Forecasting Ocean Rates Is A Risky Science
If you haven’t done so already, check out the “Inside the Numbers” column in the May edition of Canadian Transportation & Logistics magazine, featuring a snapshot of shipper perceptions regarding modal rate increases.
As we all know, forecasting works best when you are dealing with “certainties”; for example, reasonable expectations of demand volume, cost of materials or changes in economic conditions. And when one or more of those components is missing, the forecast model starts looking more and more like a roulette wheel. The summary charts in this month’s Inside the Numbers column help to illustrate that point, particularly in the marine mode.

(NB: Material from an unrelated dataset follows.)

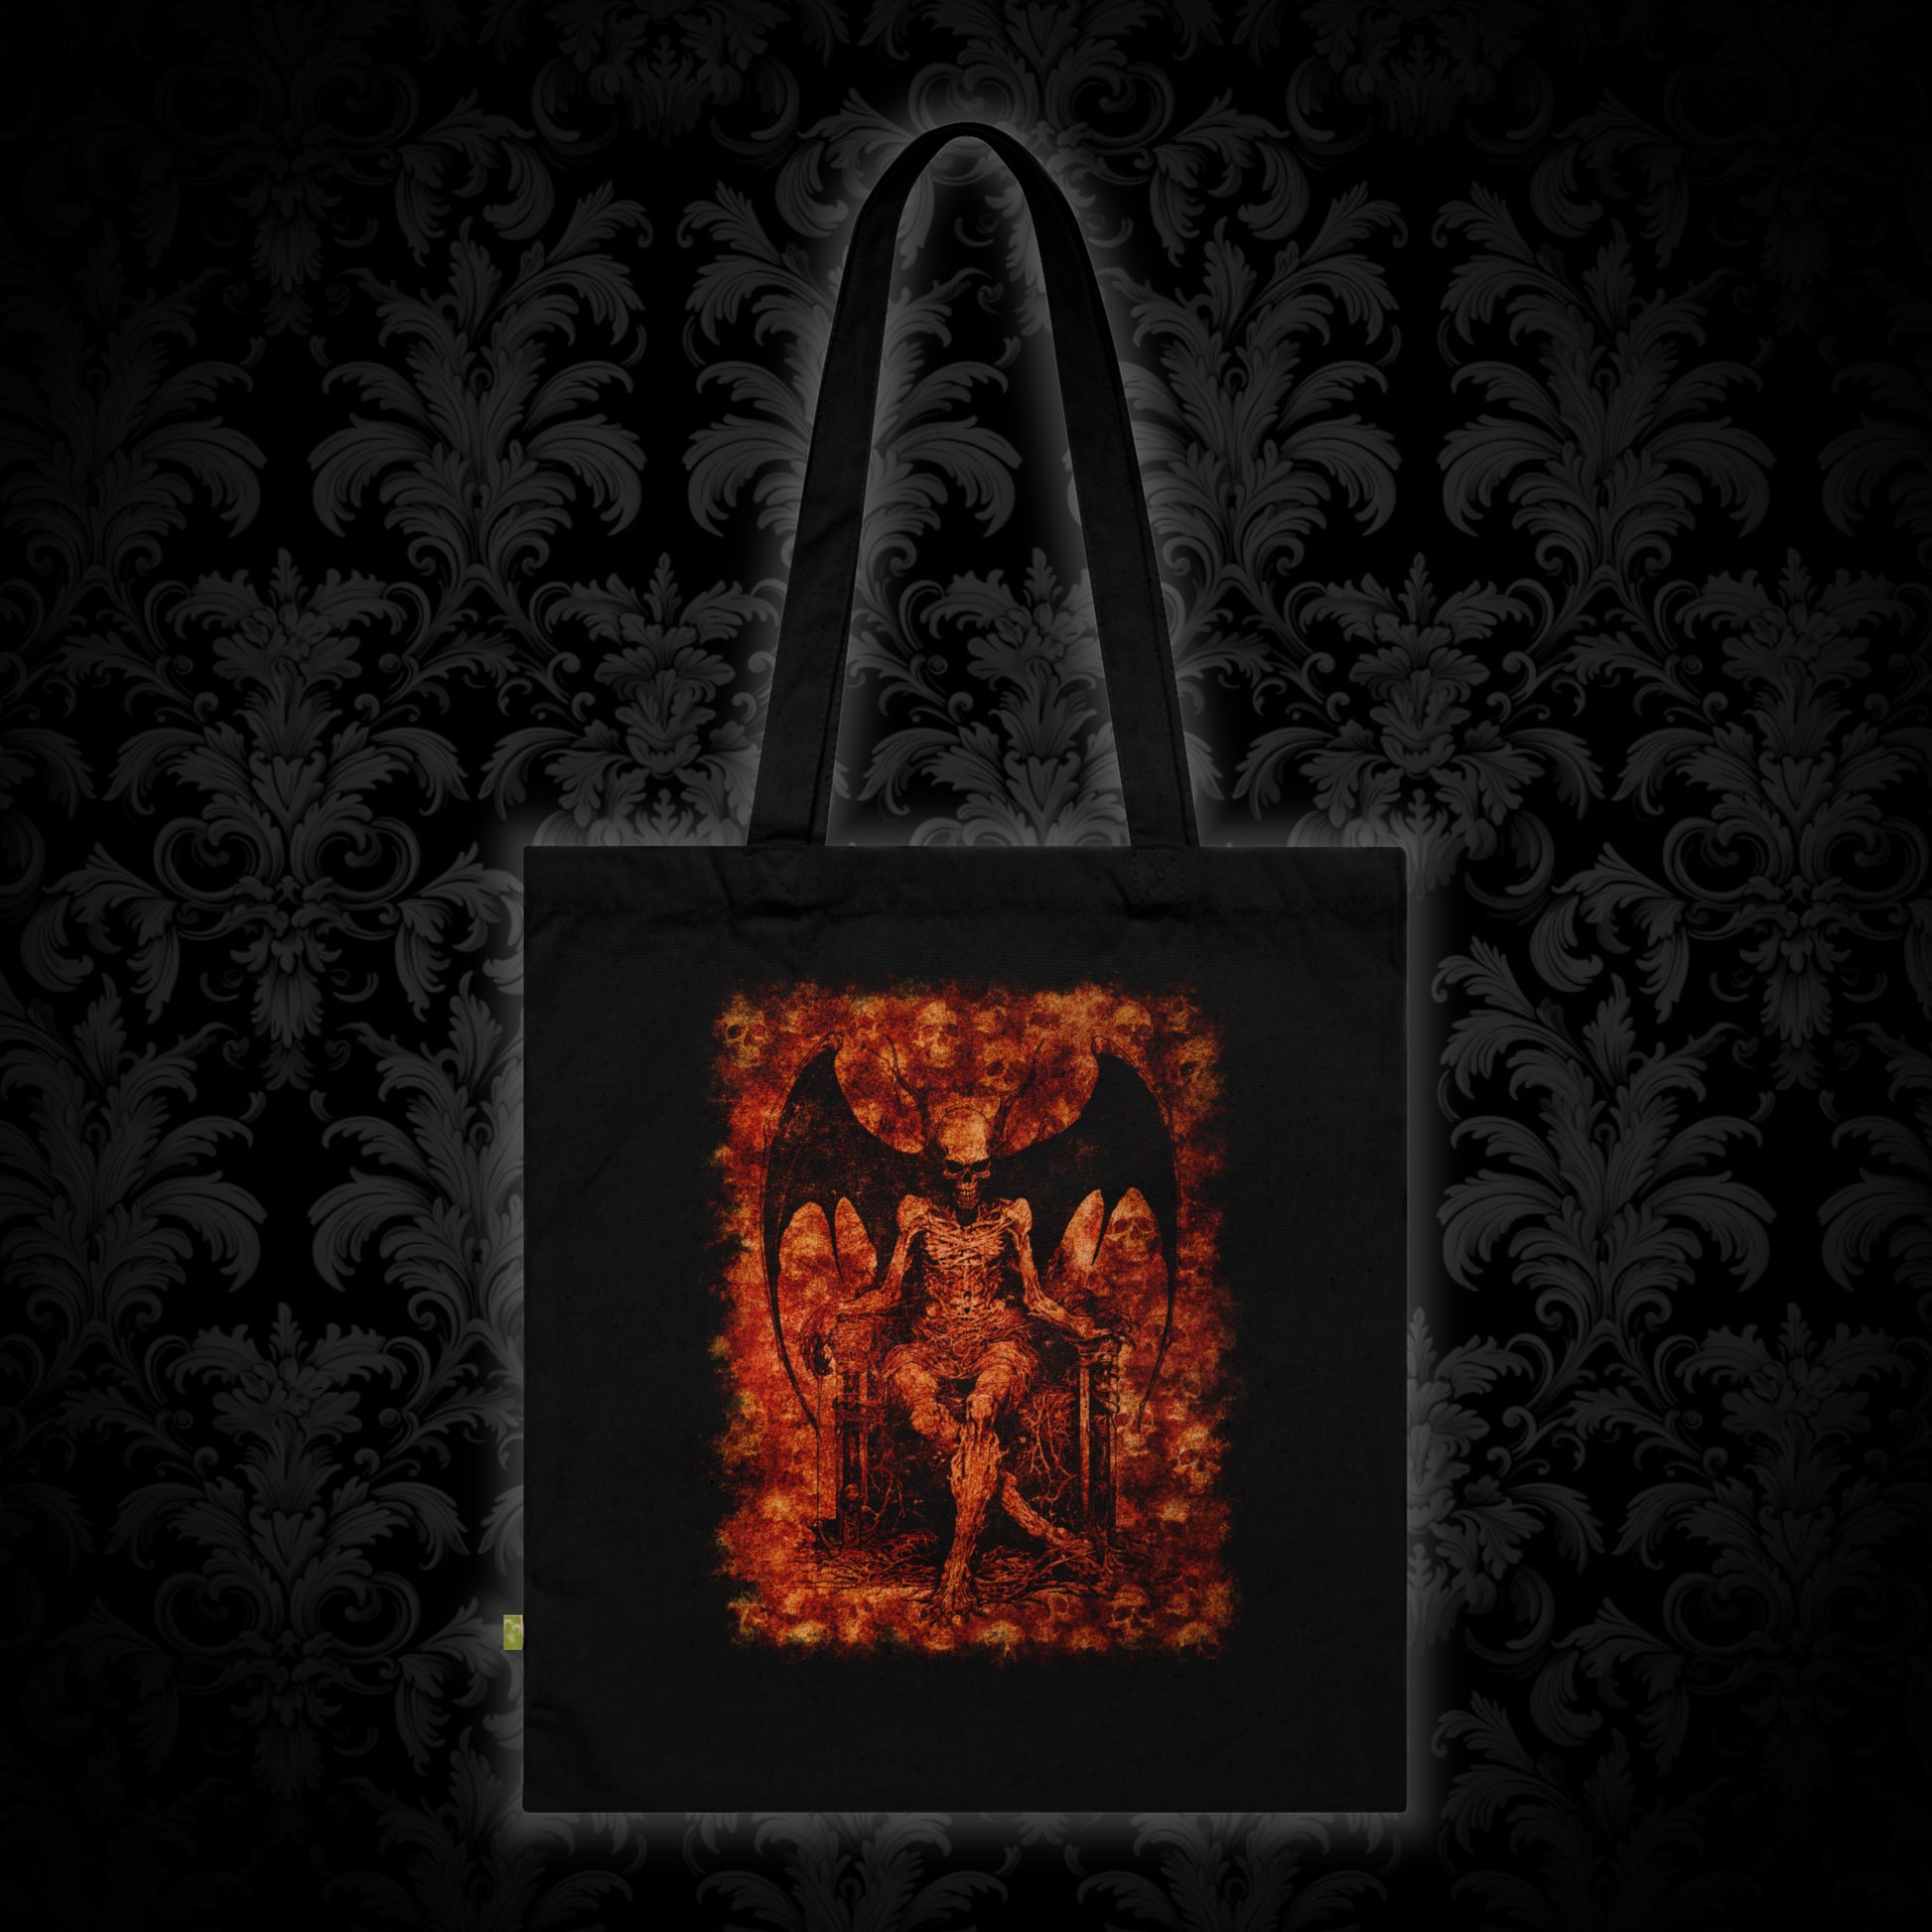 Tote Bag Devil on his Throne in Orange - Frogos Design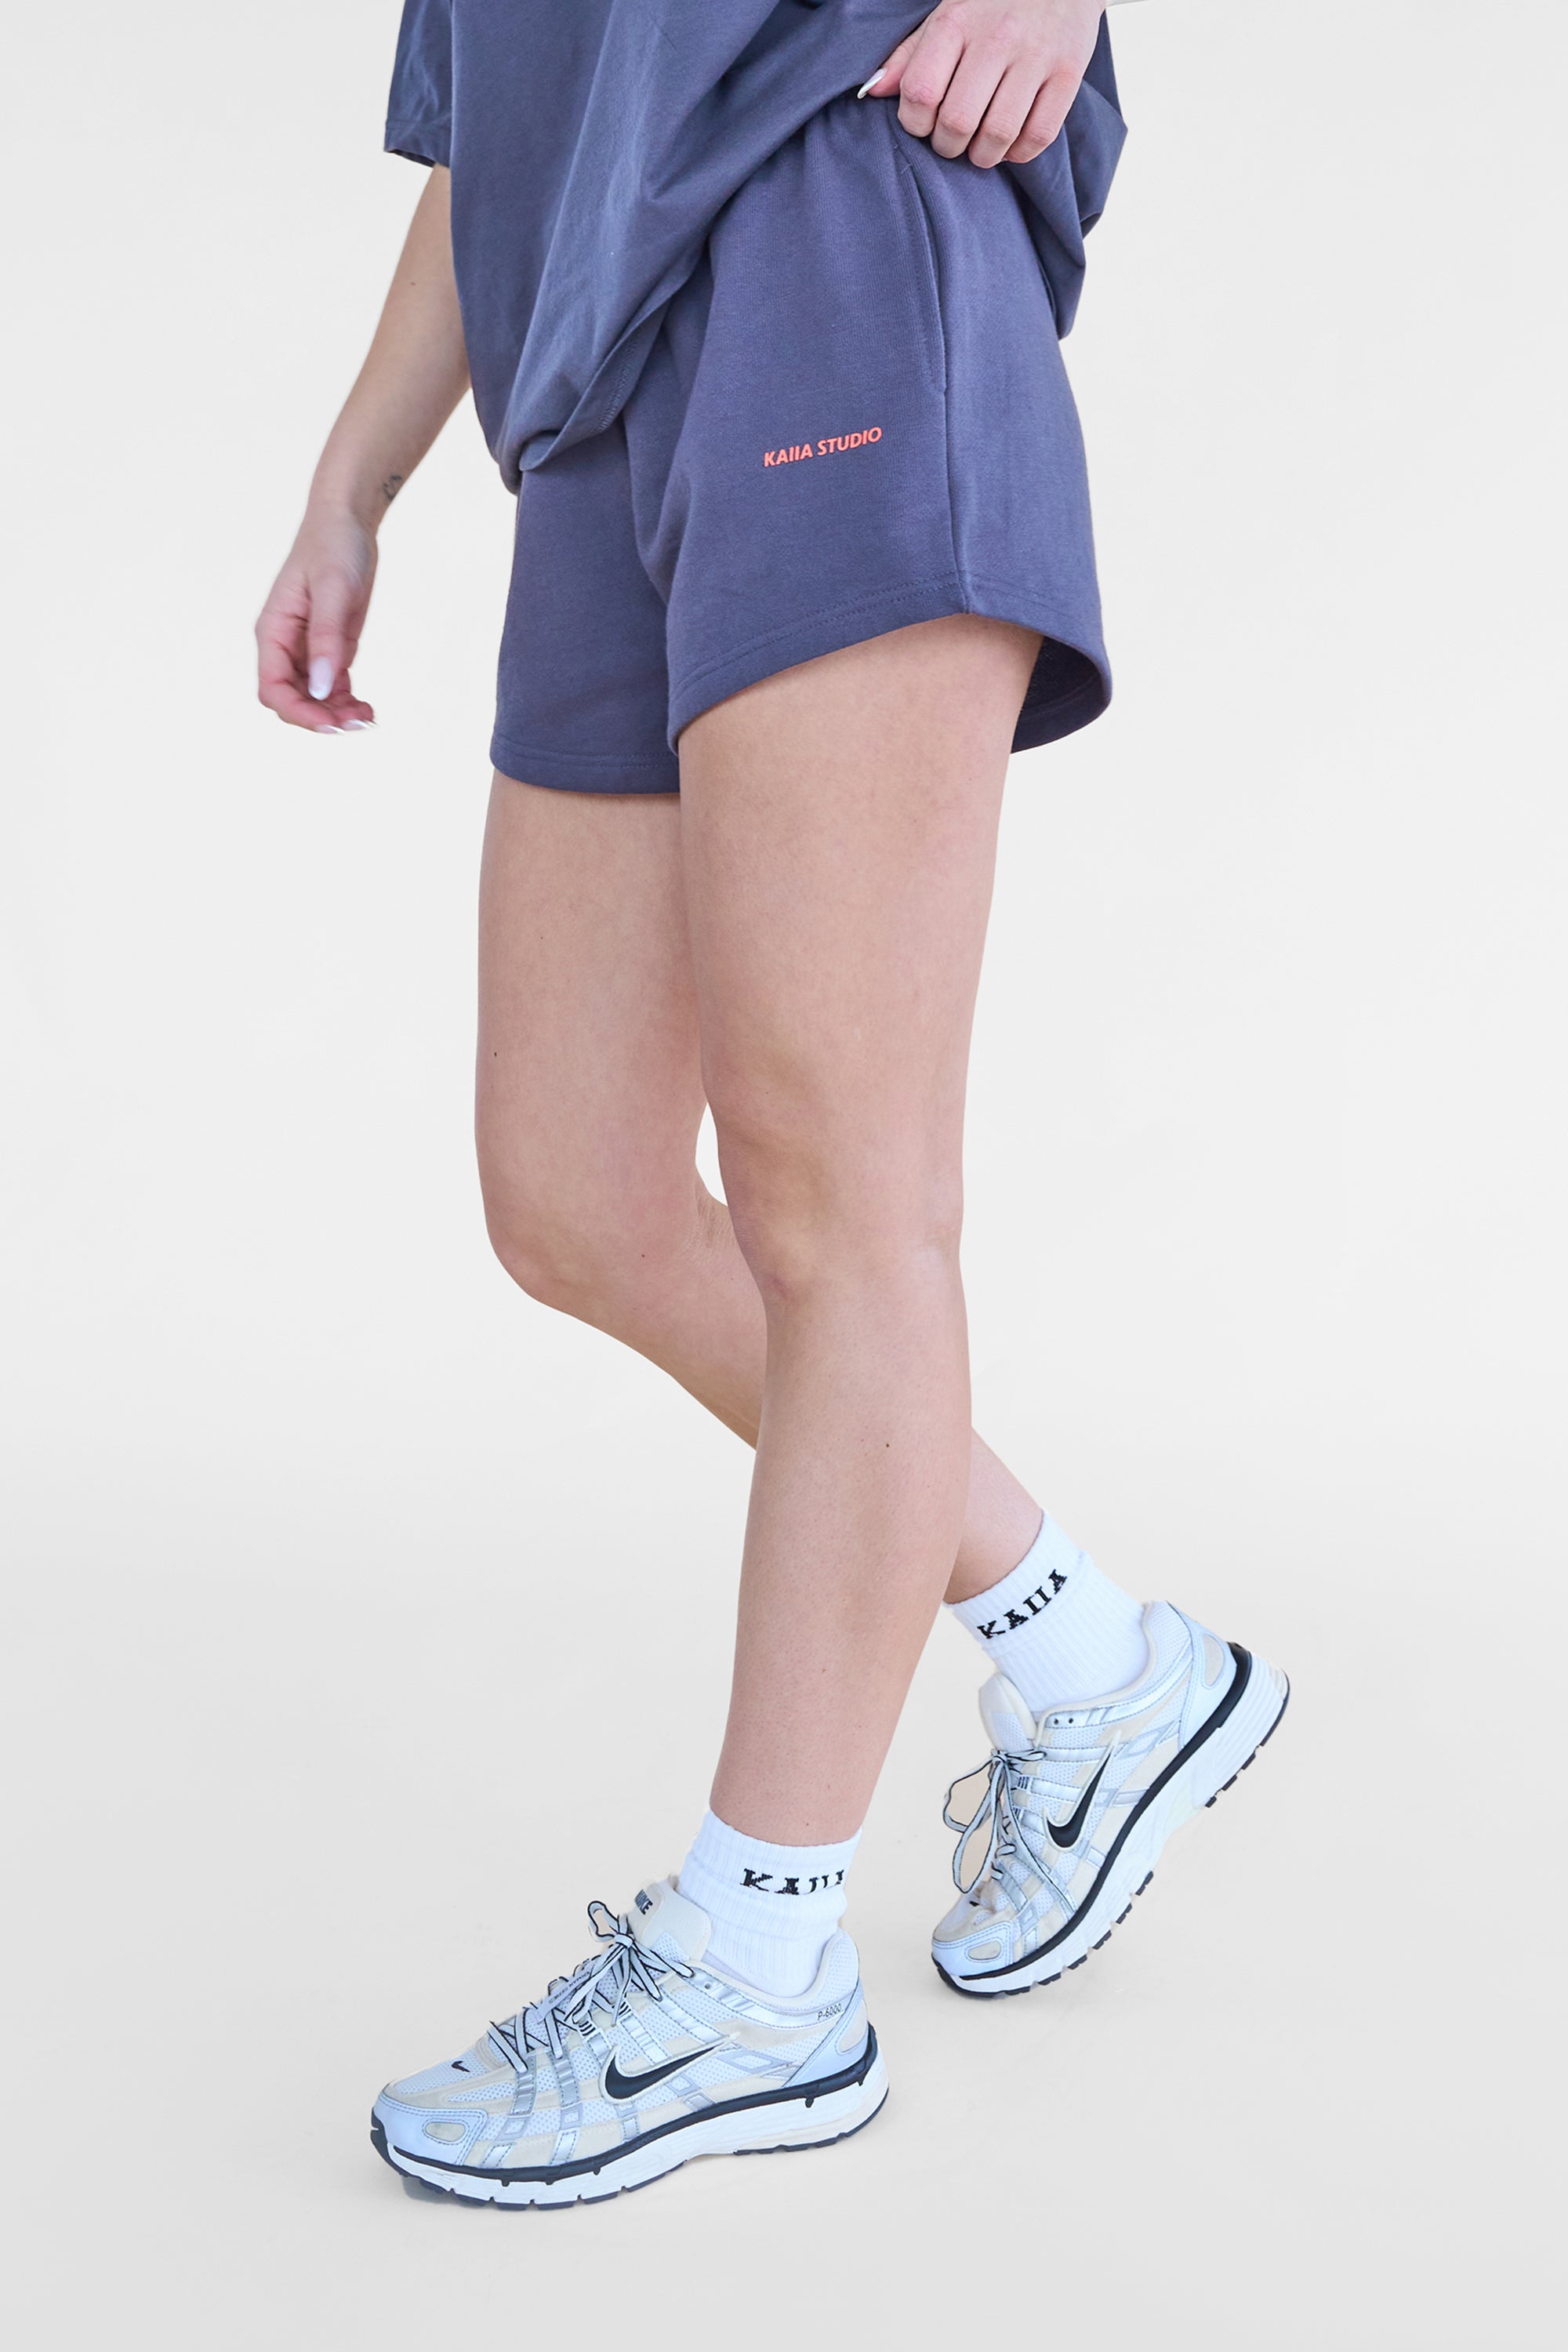 Kaiia Studio Mini Sweat Shorts Charcoal

When asked if they thought marine rates were going to increase, decrease or stay the same in 2010, shippers were split almost evenly with approximately half of those surveyed predicting an increase, and half predicting no change. Only a small percentage, 7%, forecast a decrease in rates for 2010.
On one hand, predicting an increase was a safe bet. Look at it this way (the benefit of hindsight not withstanding) if someone asks you “are rates going up or down next year?” you’ve pretty much got a 50/50 chance of winning the door prize. Rates bottomed out in 2009 so an increase should have been expected, especially since rate levels dropped by as much as 50% over the previous three to four years. The group that forecast ‘no change’ probably felt rates were at their lowest feasible levels and, with no firm economic recovery in sight, estimated that steamship lines would hold rate levels pending signs of increased demand. The 7% who forecast continuing decreases might have been gambling demand would continue to fall and rate levels would follow suit.
The group that forecast increases this year were correct of course, but the really tough question still remains – by how much? On this score, it looks like just about everyone who forecast an increase missed the boat (no pun intended). The largest group, 35%, forecast increases in the range of 2.1% to 4%, with the next group, 22%, expecting increases of 4.1% to 6%. Although this group was astute enough to see increases coming, we all underestimated the aggressive approach liner companies would take to “return rates to sustainable levels”. So far this year the industry has seen increases of close to 30% in some areas due to successive general rate increases. And there are rumours that the peak season surcharge expected in June/July may be repeated in August, so the net result of marine rate level increases may not be known for some months yet.
At least those transportation managers who forecast increases were able to prepare their organizations for the fact that costs would be going up, even more so for the small group of 11% who forecast increases in excess of 10%. Not so unfortunately for the 47% of transportation managers who forecast “no change” in marine rates this year, or the 7% who forecast rate decreases.
Forecasting transportation costs doesn’t get easier in the face of economic uncertainty, it just gets more important.